It is very interesting to come so close to a great man as we do in this passage, for the Apostle seems to be discovered here, correcting himself. It is as if he had written one teaching to the Galatians, and then crossed it out and written another. |You know God,| he says, |or rather you are known of Him.| He is asking himself why the Galatians should in a given case do their duty, and he answers: |Because they know God; they are aware of His purposes and laws, and having this rational understanding of Him they know how to act as His servants.| |But no,| he goes on to say, |that is not the real impulse of their duty. What holds them to their best is rather the thought that God knows them, that He gives them their duty, and that they obey.| It is like the position of a soldier under his commander. The soldier does not expect to know {193} all about the plan of the campaign, but what keeps him to his best is the knowledge that some one knows about it; that the commander overlooks the field; that each little skirmish has its place in the great design. That is what makes the soldier go down again into the smoke and dust of his duty with his timidity converted into faith.

Knowing God, -- that is theology; being known of Him, -- that is religion. Both theology and religion have their influence on conduct. It is a great thing to know that one knows God. There is power in a rational creed. But, after all, the profoundest impulse for conduct is to know that beneath all your ignorance of God is His knowledge of you; that before you loved Him, He loved you, that antecedent to your response to Him was His invitation to you.
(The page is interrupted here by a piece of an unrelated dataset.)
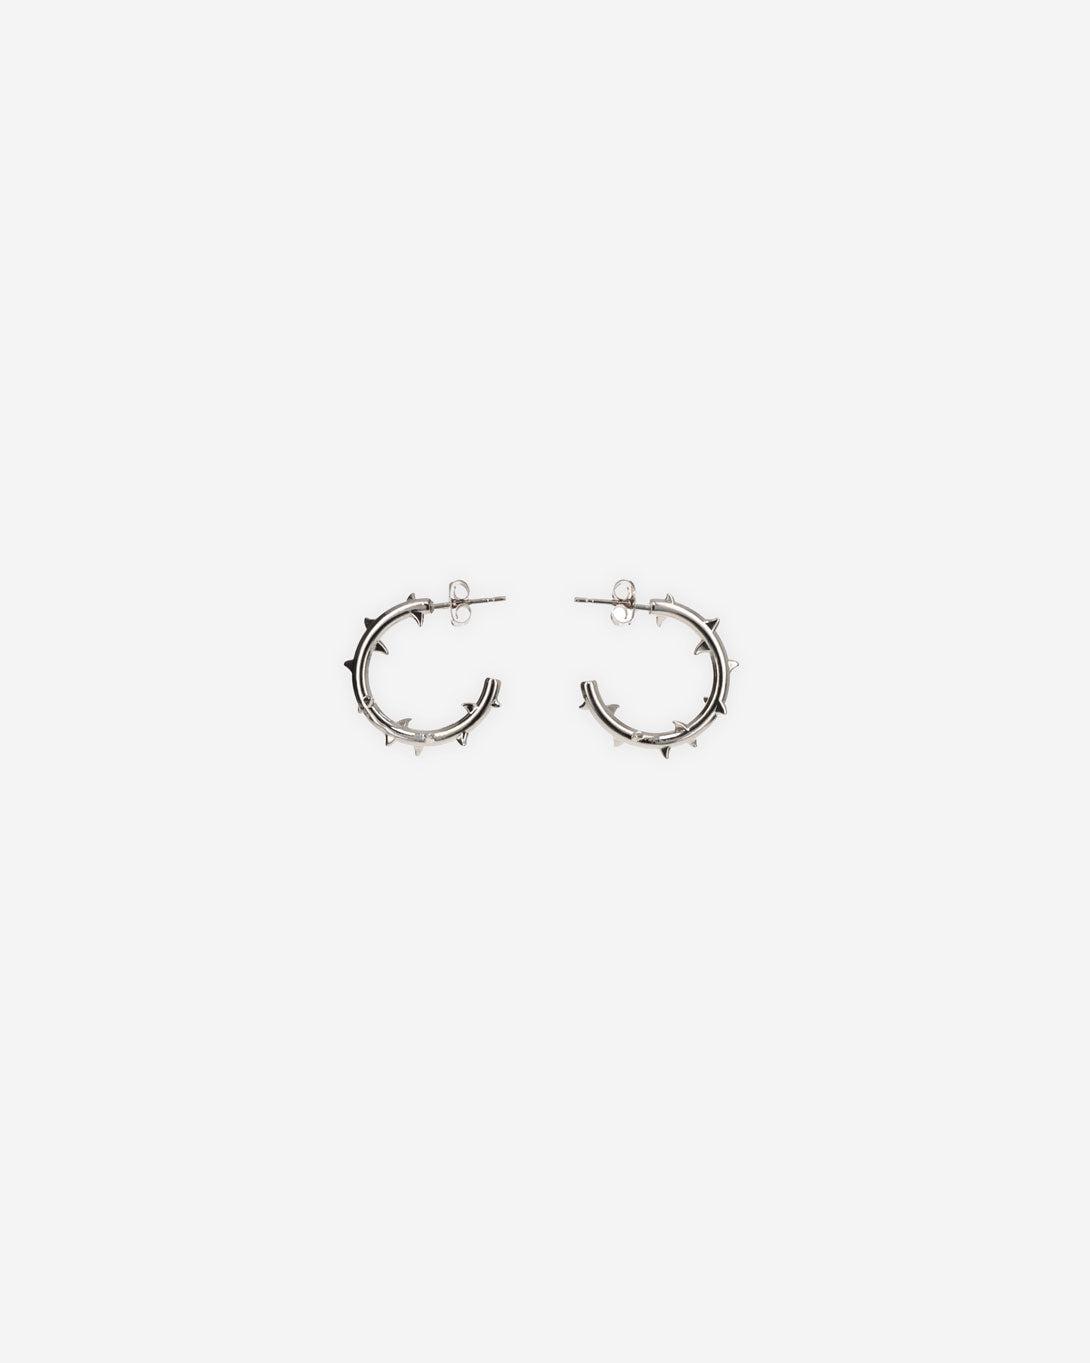 Hirschy Earrings - Jewelry - Justine Clenquet - Elevastor

Thus it is that a man looks out into each new day and asks: |What is to hold me to-day to my duty?| Well, first of all, everything I may learn ought to help me. It is all God's truth, and, as I get a grasp on truth and stand on its firm ground, my conduct is steadier and assured. But, after all, the deeper safety lies in this other confession, that I am known of God; that I {194} am not merely an explorer, searching for truth, but guided and controlled as ever under the great taskmaster's eye; known of Him, with my ignorance of Him held within His knowledge of me, until the time comes when at last I shall know even as also I am known.